Your goal
Would you reproduce the whole listing exactly, minus its images?

Data block
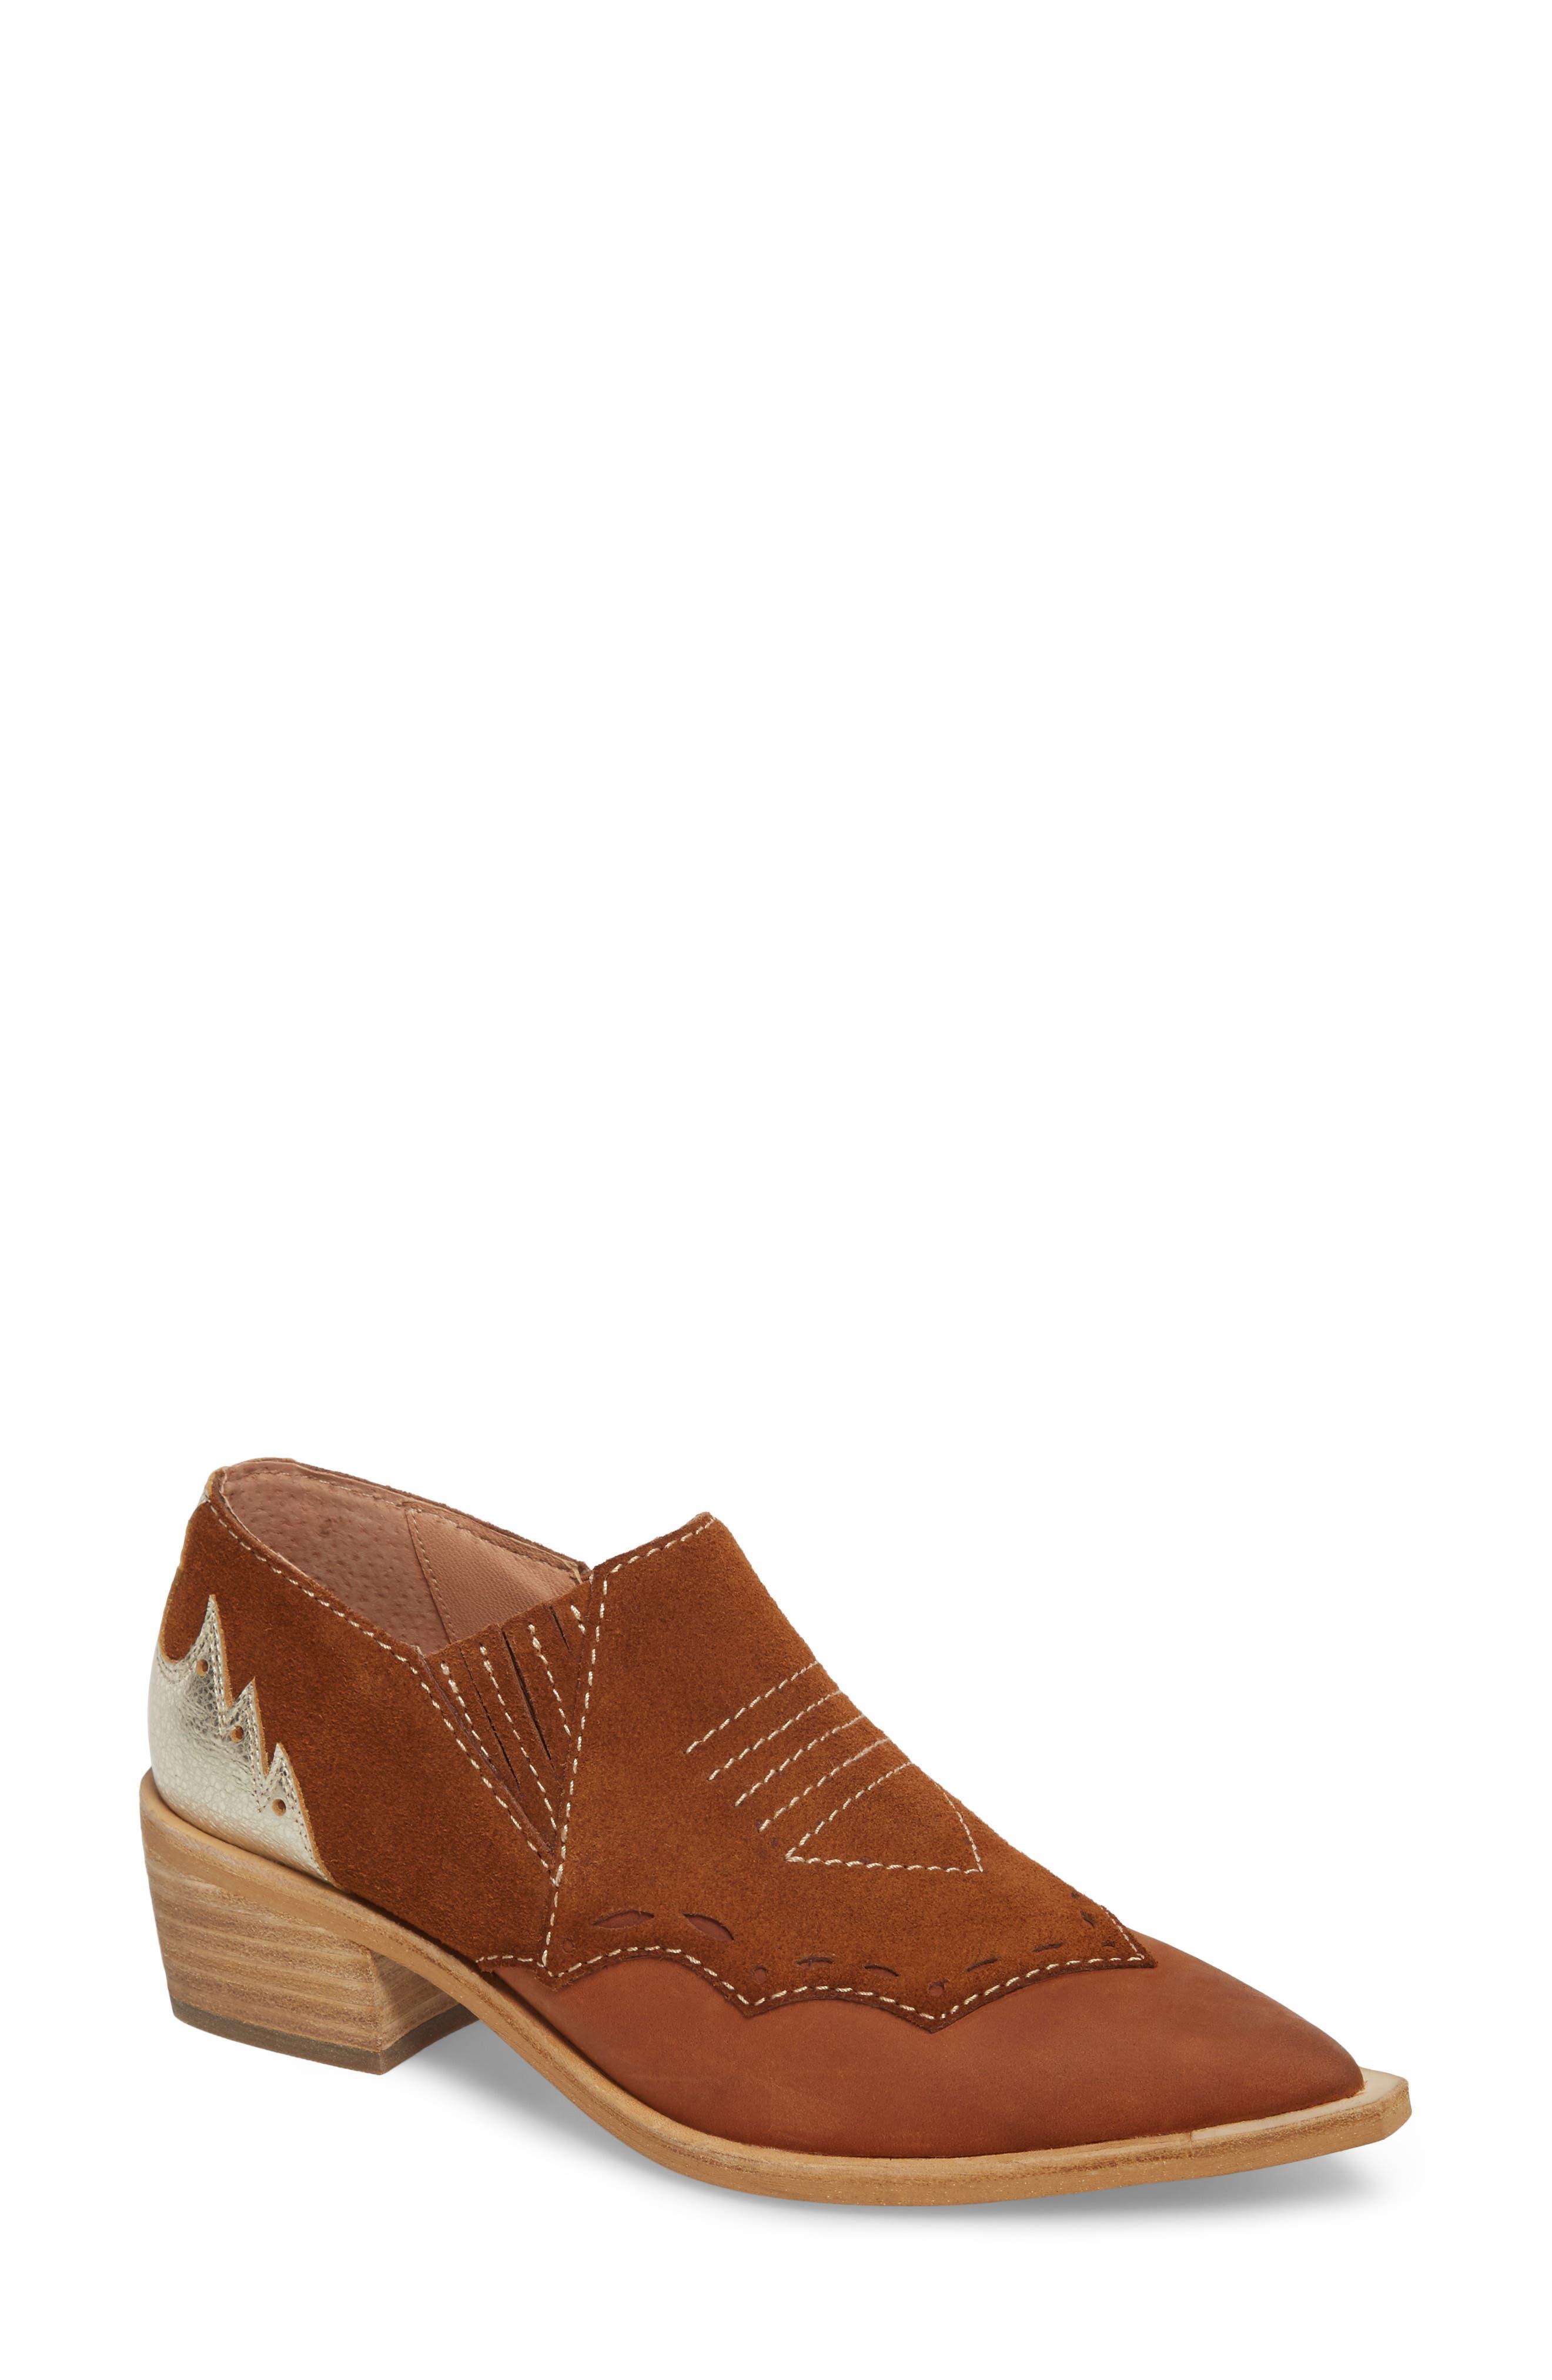 Warner Western Bootie,                         Main,                         color, Brown/ Deep Maroon Leather
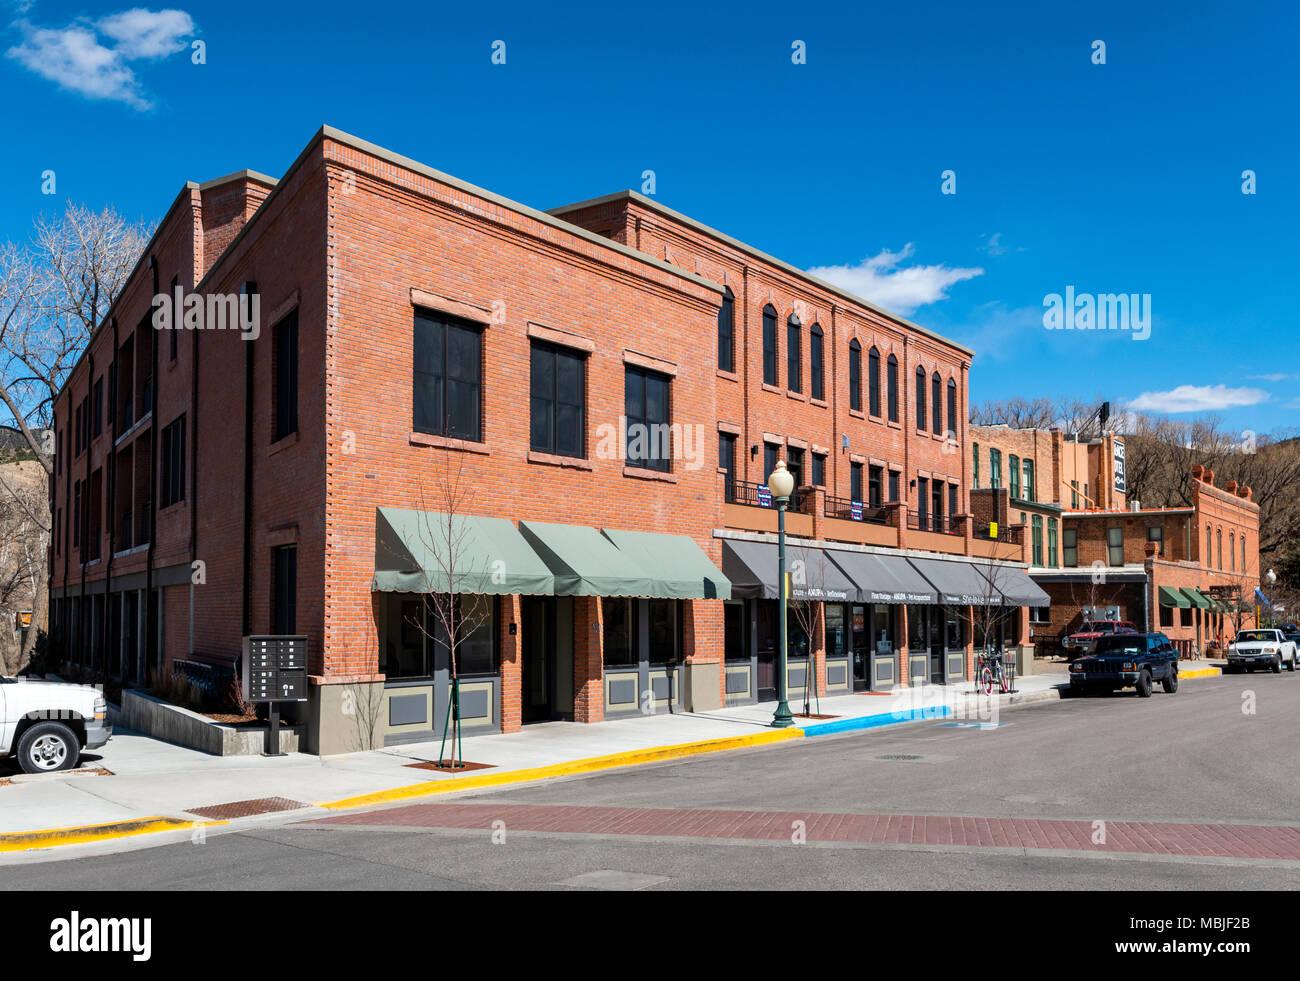 Nouveau bâtiment dans la ville historique de conception architecturale; condominiums; magasins; Stationnement; Salida, Colorado, USA Photo Stock
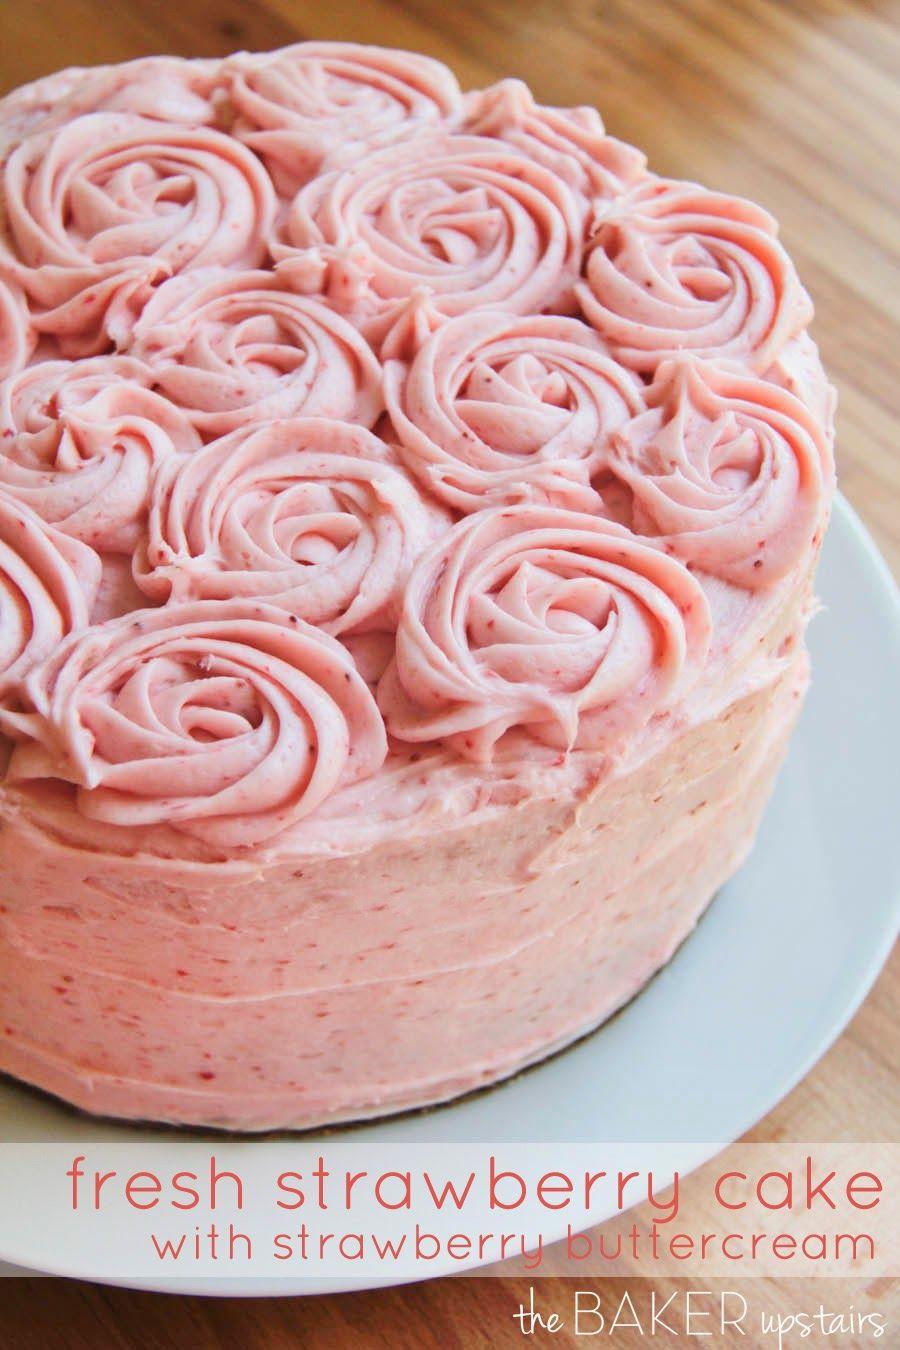 Beautiful Strawberry Cake Images : fresh strawberry cake with strawberry buttercream Fresh ...

Answer
 Warner Western Bootie,                         Main,                         color, Brown/ Deep Maroon Leather
 Nouveau bâtiment dans la ville historique de conception architecturale; condominiums; magasins; Stationnement; Salida, Colorado, USA Photo Stock
 Beautiful Strawberry Cake Images : fresh strawberry cake with strawberry buttercream Fresh ...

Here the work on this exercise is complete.